2011年3月11日、日本中を震撼させた東日本大震災と東京電力福島第1原発事故が発生してから、明後11日で丸3年を迎える。公明党は8日、宮城県石巻市で、山口那津男代表、井上義久幹事長と、被災地担当の国会議員、東北6県の地方議員の代表らが集い、「東北復興会議」を開催。"東北は一つ"との決意とともに、「人間の復興」への歩みを一段と加速させていくことを誓い合った。(写真は同日、仮設蛇田中央団地の集会場で被災者と懇談する山口代表ら)

東北の被災地では、道路や港湾などインフラ(社会資本)整備は着実に進むものの、生活再建の加速に向け、今なお多くの課題が立ちはだかる。

「更地になって寂しくなっちまったな」。
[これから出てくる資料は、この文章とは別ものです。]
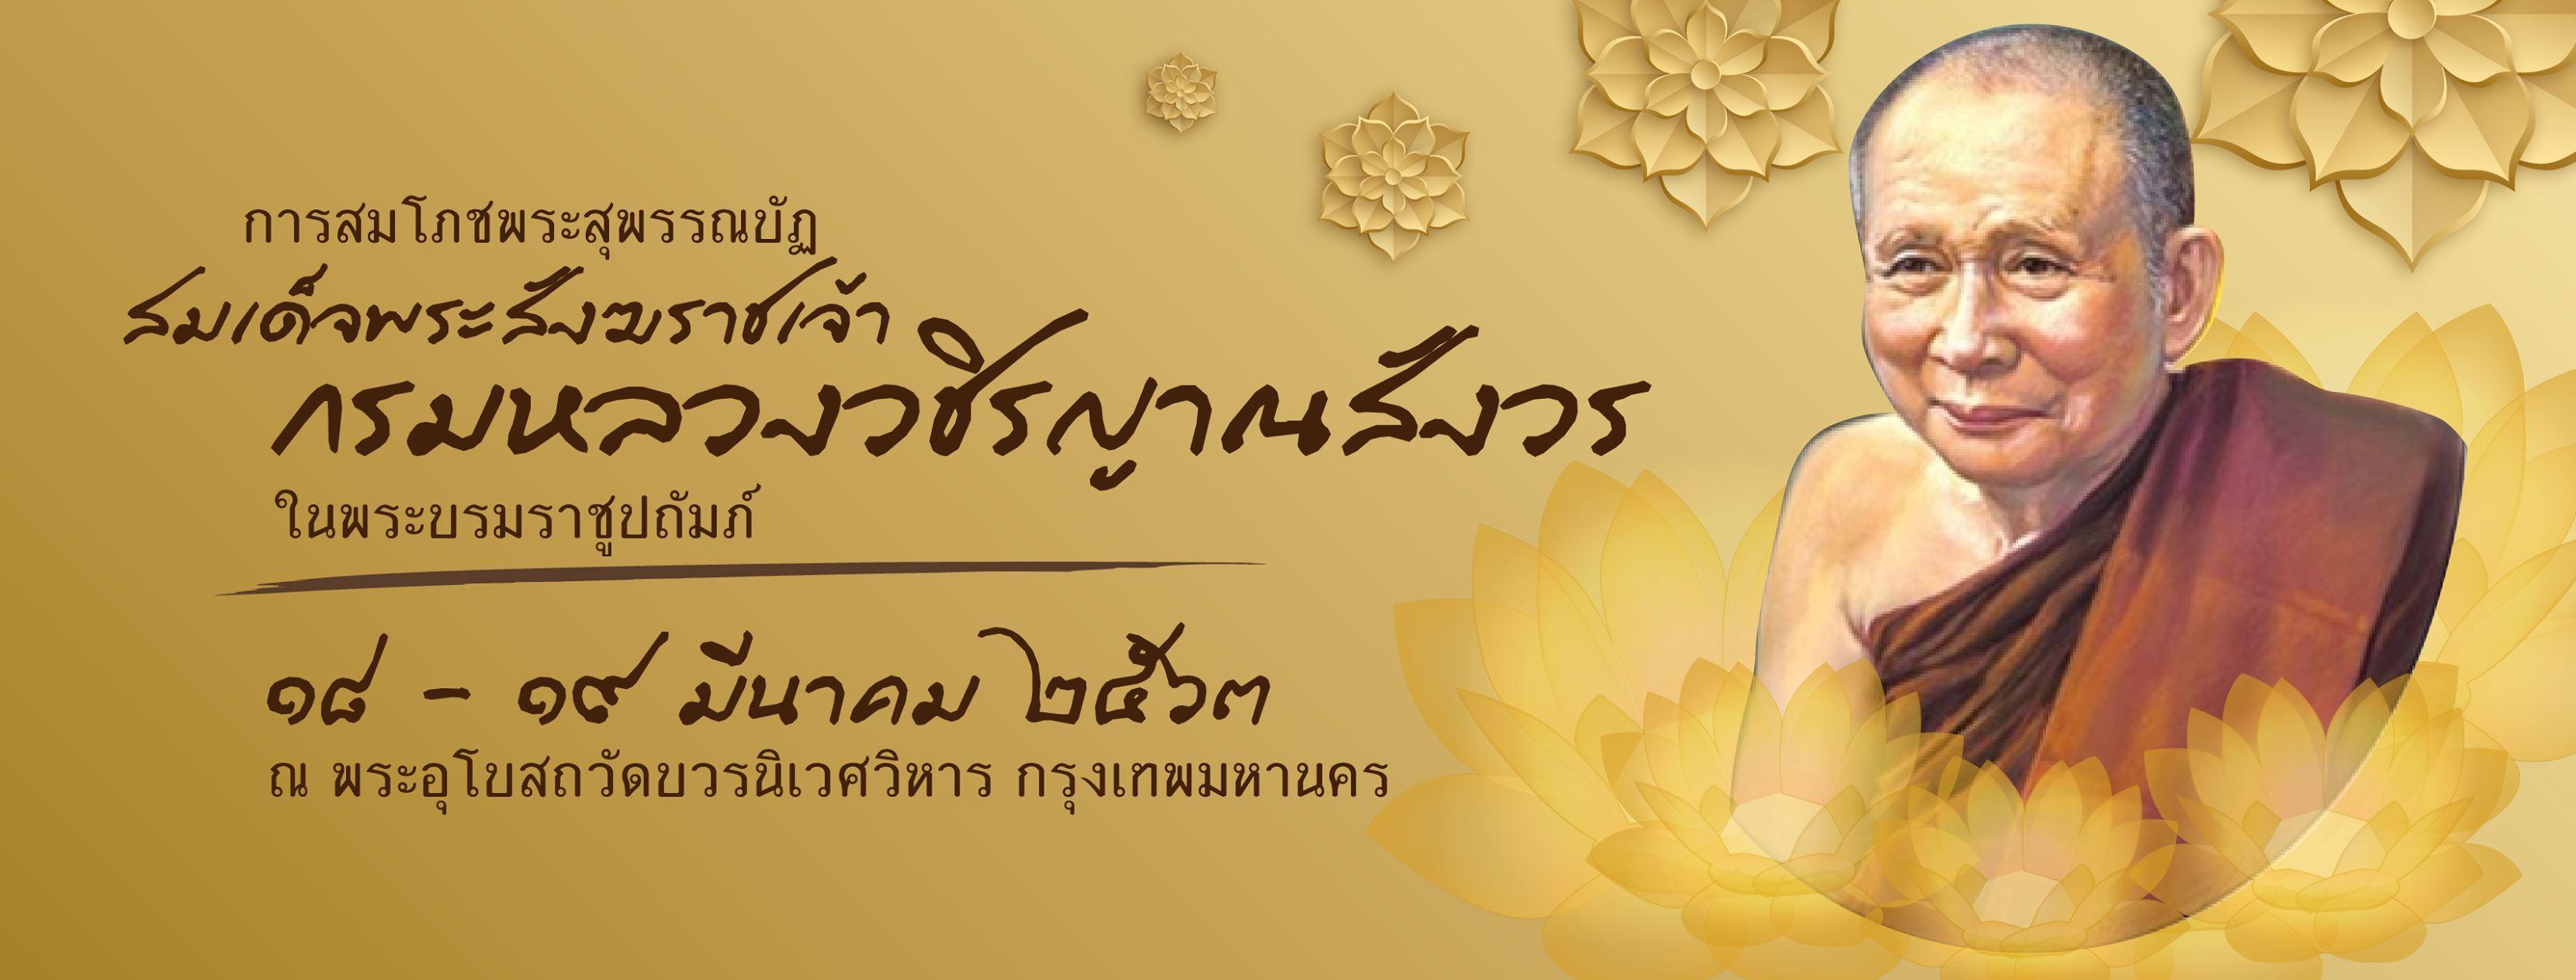 Banner FB

宮城県石巻市内を一望する日和山公園に立ち、初老の男性がつぶやく。来し方3年を振り返り、両手を合わせ、「蘇れ、わが故郷よ」と静かに目を閉じた。

目下の課題は住宅再建だ。市は、防災集団移転促進事業と土地区画整理事業の着実な推進に加え、復興公営住宅の早期整備を重視。しかし、資材や人件費の高騰で公共事業の入札不調が相次ぎ、工事が進まない。事業所や個人住宅の再建にも暗い影を落とす。

自立再建の厳しさは、全ての被災地に共通するが、その"表れ方"はさまざまだ。石巻市のように、復興住宅の希望者が予定戸数を上回るところもあれば、同県南三陸町などのように、他市町村への転出者が急増し、予定戸数を下方修正する市町村もある。「被災地」の一言では括ることのできない、複雑で重層的な問題を抱える"現地の今"を物語っている。福島に至っては、廃炉作業や除染などの問題が山積みで、原発事故からの再生はままならない状況が続く。

「今も必死に闘っていることを忘れないで」。この被災者の叫びにどう応えていくのか。

8日の東北復興会議の冒頭、井上幹事長は「発災3年のこの時に、東北の全議員が復興状況を共有し、決意を新たにしていく」と意義を強調。いまだに27万人が避難生活を送り、健康や心のケアの問題が出てきていることから「現実を直視し、全ての被災者が当たり前の日常生活が送れるように、さらに復興を加速しなければならない」と述べるとともに、風評と風化の"二つの風"との闘いに、引き続き全力を挙げていく決意を述べた。

山口代表は、発災当初から、現場に寄り添い復旧・復興へ取り組んできたことに触れた上で、長期の避難生活から生じる問題について「課題を解決して、人々が生活し、仕事をし、故郷を蘇らせようと生き生きと動く日をつくり出していかないといけない。被災者の率直な気持ちをしっかり受け止め、東北ここにあり、これぞ公明党のネットワークという姿を示し切っていこう」と呼び掛けた。

会議では、宮城県石巻市の伊藤啓二市議と、青森県の畠山敬一県議が活動報告。「『大衆とともに』との立党精神で、新たな50年を切り開く覚悟で闘っていく」と決意を述べたほか、子どもの心のケアへの支援体制構築などを盛り込んだ「2014新生東北復興決議」が、満場の拍手で採択された。

これに先立ち、山口代表らは、津波と火災で大きな被害を受けた同県石巻市の門脇小学校を視察。"あの日"の惨状そのままに、今もランドセルや教科書などが散乱し、焦げた机や椅子が転がる校内を回り、市担当者から、当時の被害状況を聴取した。

復興会議後には、国会議員と地元議員らが3組に分かれ、石巻市内の仮設住宅を訪問し、被災者を激励した。このうち、山口代表は仮設蛇田中央団地の集会場を訪れ、参加者からは「先の見通しが見えない」との心情が吐露された。

山口代表は「皆さんの新しい生活が始まるまで全力で支えていく」と応じた。